A exsurgência abre-se na formação de calcários micríticos da serra de Aire datado do Batoniano. Que segundo Crispim 1995, é a formação cársica por excelência do M.C.E.

A falha do Arrife põe em contacto as formações do jurássico médio (muito carsificáveis e permeáveis) com as formações da bacia terciária do Tejo, nomeadamente com os arenitos de Monsanto (Oligocénico) que do ponto de vista carsológico são pouco permeáveis. O contacto de formações de diferentes permeabilidades juntamente com a presença de fracturas potenciou a génese da exsurgência.

Excerto da Folha 27-A Vila Nova de Ourém da  Carta Geológica de Portugal com a localização da exsurgência em seta branca.

Excerto da Folha 27-A Vila Nova de Ourém da Carta Geológica de Portugal com a localização da exsurgência em seta branca.
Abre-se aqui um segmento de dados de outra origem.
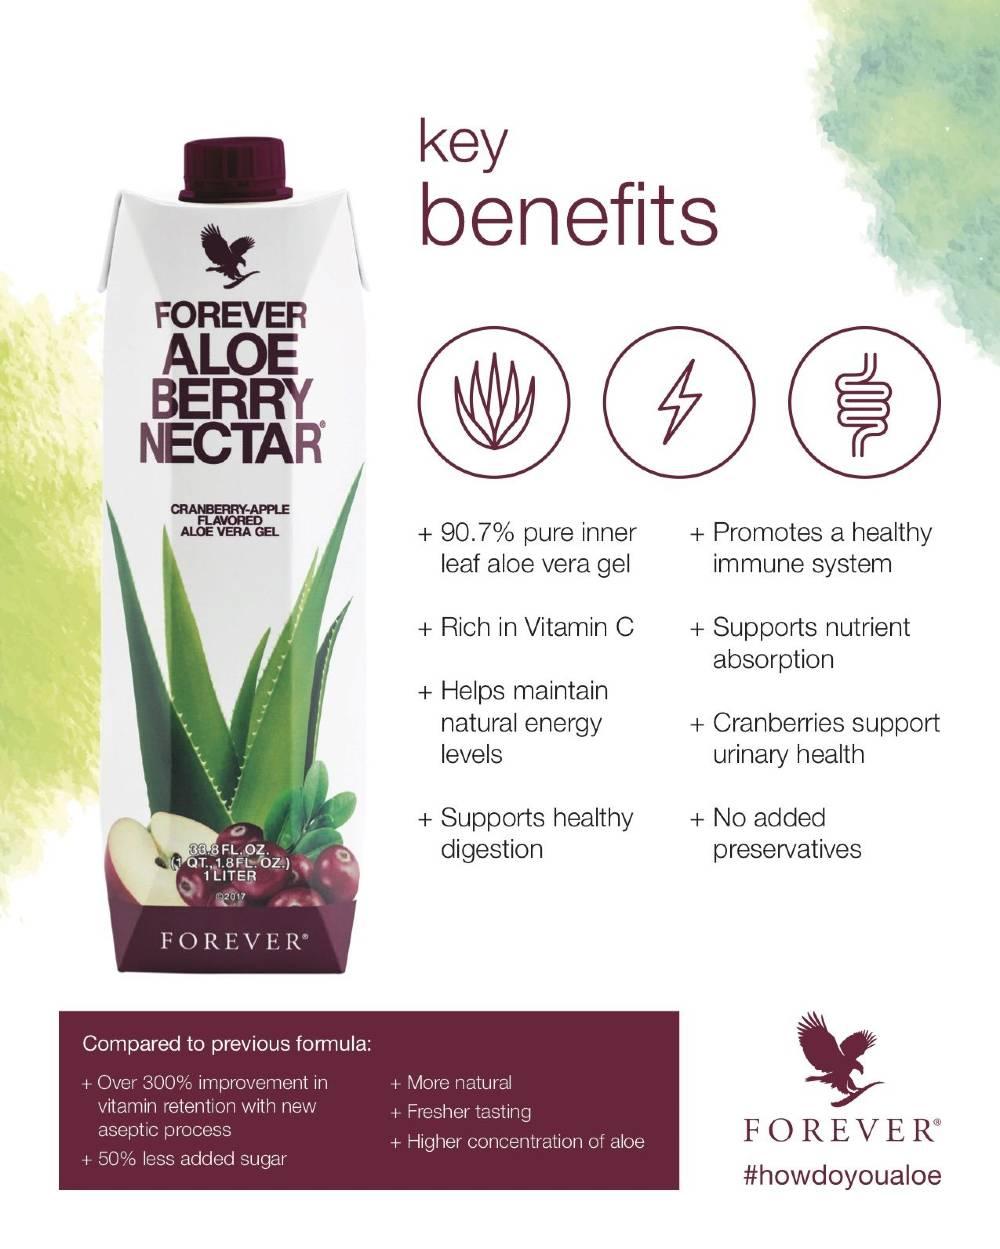 Forever Aloe Berry Nectar Benefits

A exsurgência tem carácter temporário apresentado água apenas parte do ano (o período de funcionamento da exsurgência está actualmente em estudo).

G. Manuppella et al. 2000 refere, de entre as nascentes temporárias com o mesmo condicionamento estrutural da nascente do rio Almonda, as nascentes de Rexaldia e Fungalvaz. A exsurgência de Pena de água será uma destas, tendo de facto um condicionamento estrutural semelhante ao da nascente do Almonda.
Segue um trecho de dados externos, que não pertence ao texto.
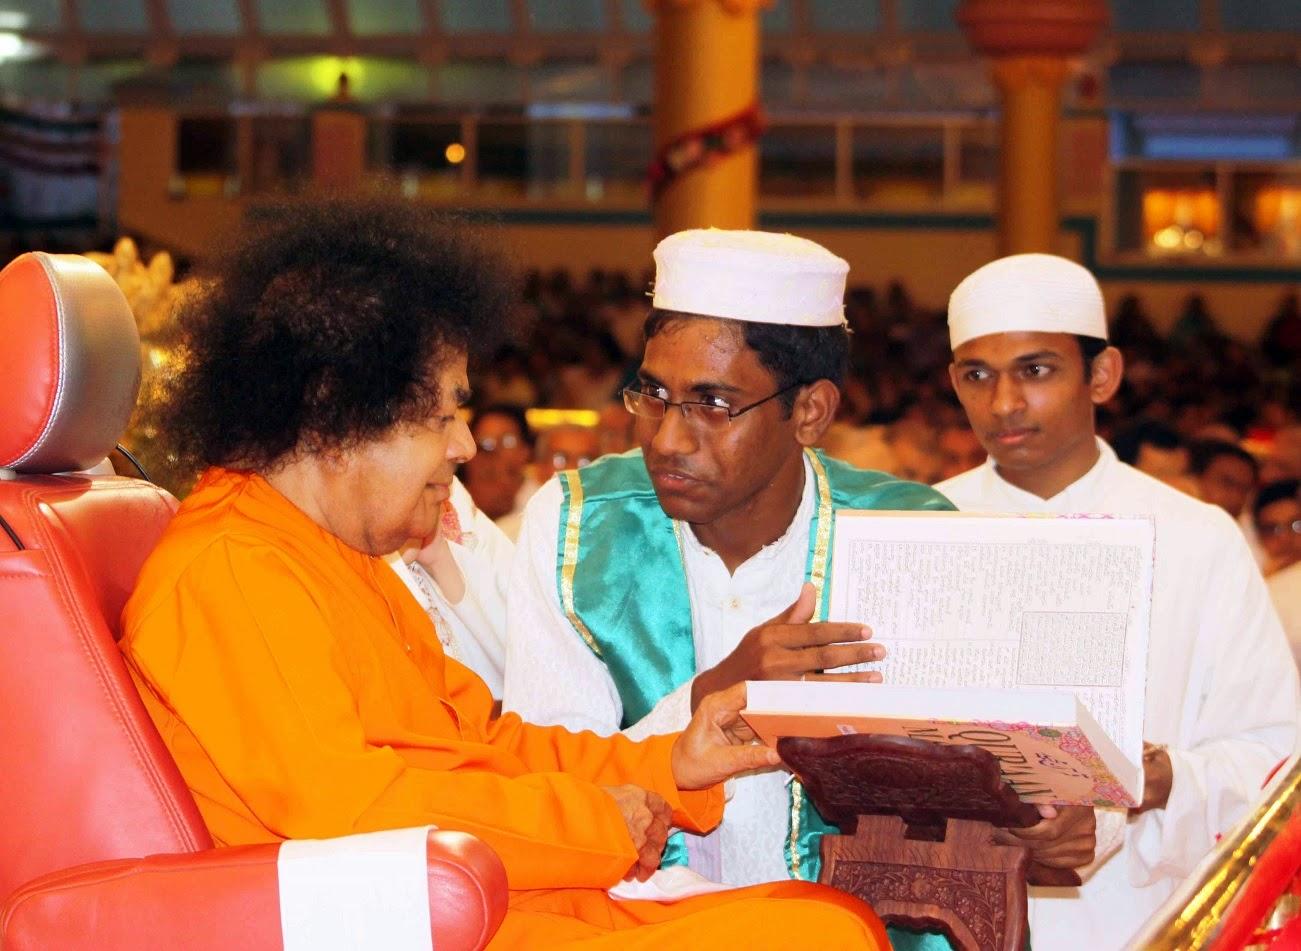 speech on guru pournima Guru vandana or गुरु मन्त्र (guru mantra) are sanskrit stanzas addressed to teacher or गुरु (guru) these shlokas praise the गुरु (guru) for his god like qualities.

Apesar das semelhanças de condicionamento estrutural das nascentes (contacto entre formações do jurássico médio do M.C.E. e as formações Mesogenozóicas da Bacia terciárias do Tejo), estas distam cerca de 10km.

Historial

Rexaldia, vila mais próxima da exsurgência, tem como origem de seu nome, a passagem de um rei mouro (Rex-al-dia), que significa “Aldeia do rei”. Mas a historia desta vila não se fica por aqui. Foram encontrados em camadas pouco profundas nesta zona vestígios da época do Neolítico, ou ainda do Paleolítico Superior, mas também da ocupação romana e também das invasões francesas.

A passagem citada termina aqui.